* REQUIRED WORK *
Beginning at the line containing "弩 step-by-step stroke order diagrams", repeat each line below exactly up to and including the line containing "Robotun çalışan versiyonunun". Do not repeat the pictures.

* DATASET EXCERPTS *
··········
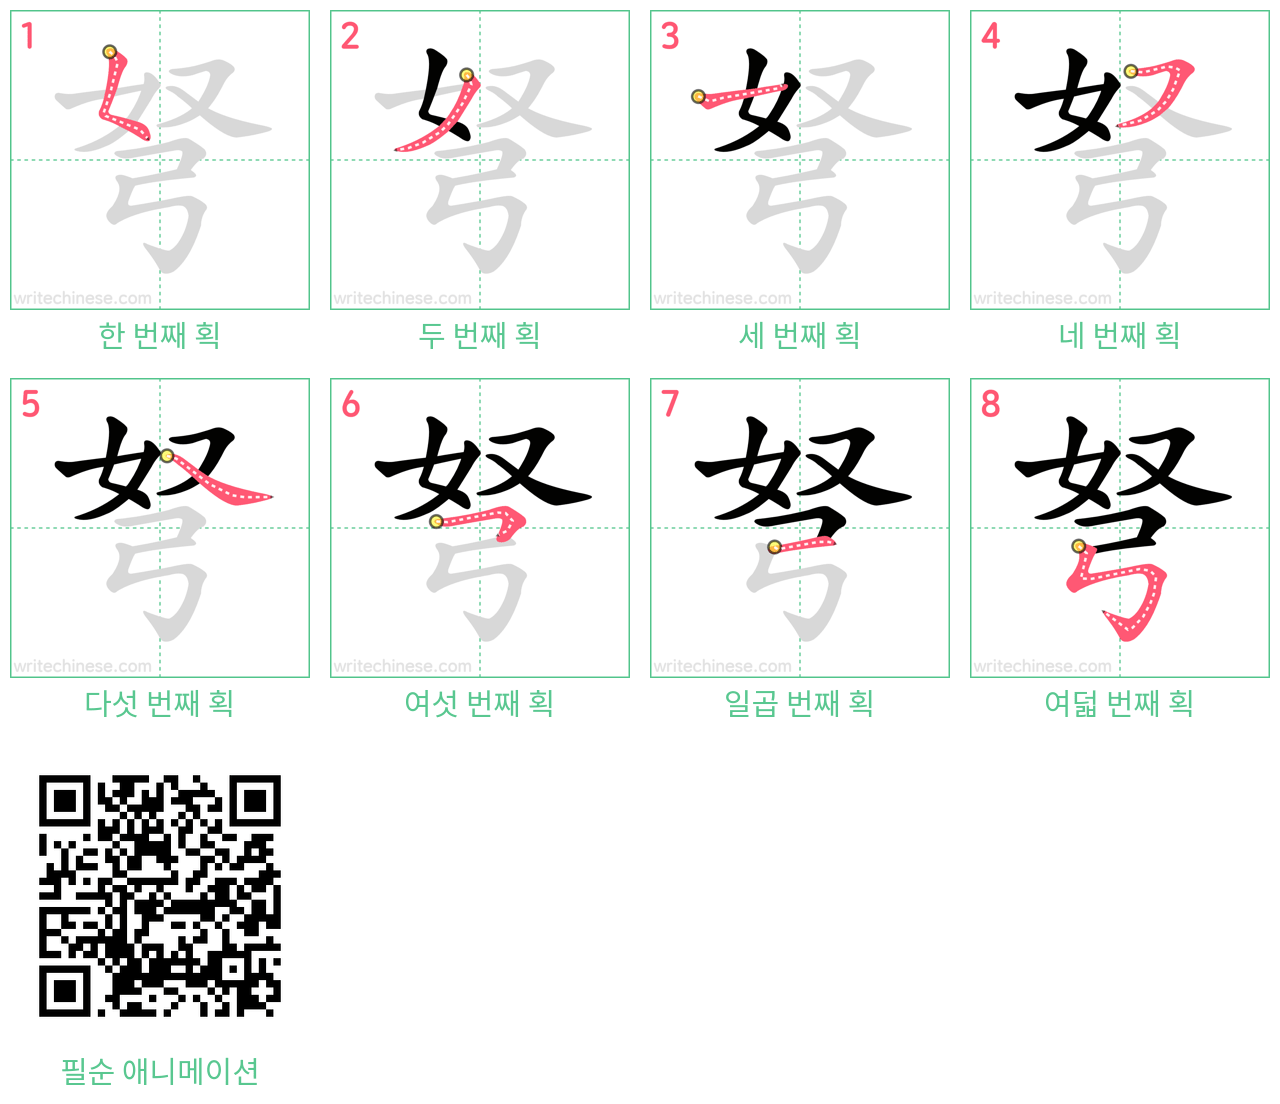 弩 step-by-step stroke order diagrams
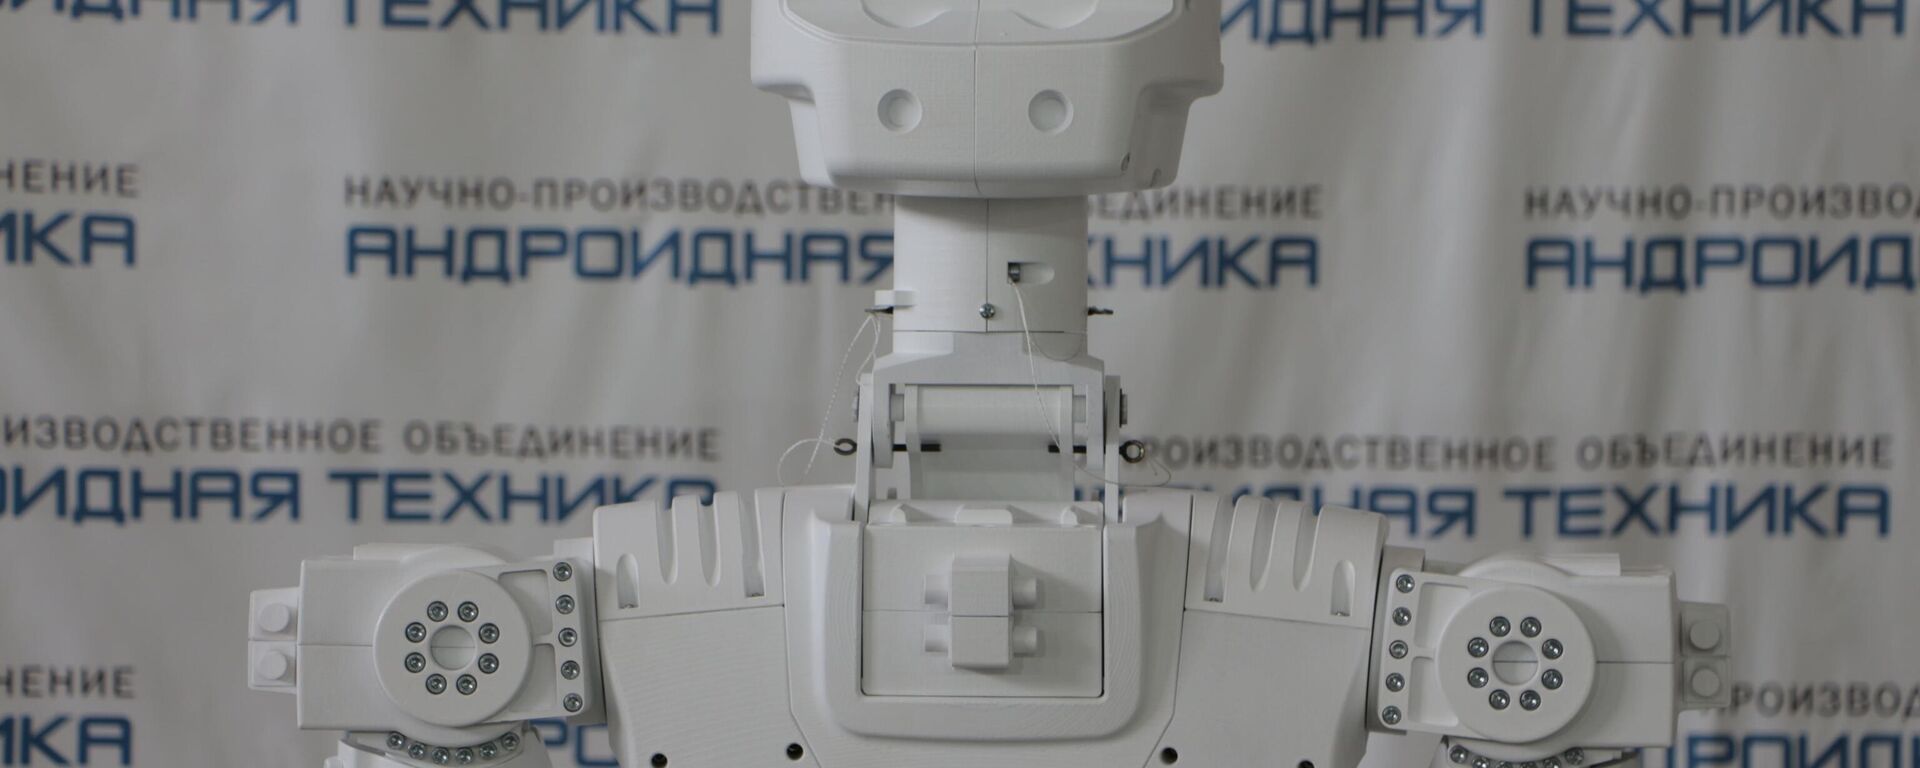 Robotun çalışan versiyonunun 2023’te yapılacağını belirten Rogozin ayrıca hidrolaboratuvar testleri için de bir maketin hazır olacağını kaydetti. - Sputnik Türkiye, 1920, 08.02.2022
··········
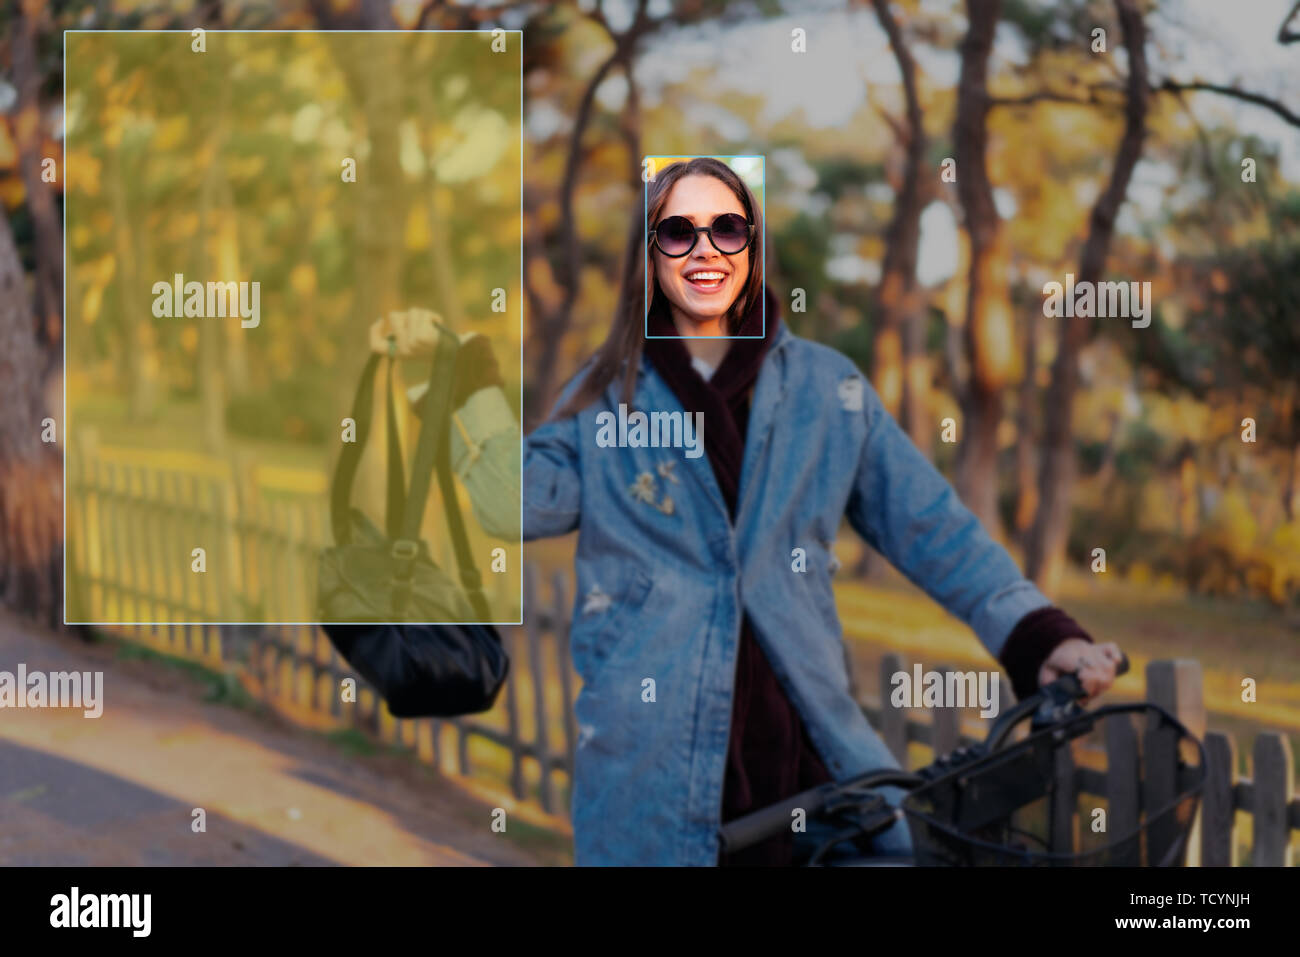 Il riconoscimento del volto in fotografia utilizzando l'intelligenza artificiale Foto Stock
··········
* YOUR SOLUTION *
 弩 step-by-step stroke order diagrams
 Robotun çalışan versiyonunun 2023’te yapılacağını belirten Rogozin ayrıca hidrolaboratuvar testleri için de bir maketin hazır olacağını kaydetti. - Sputnik Türkiye, 1920, 08.02.2022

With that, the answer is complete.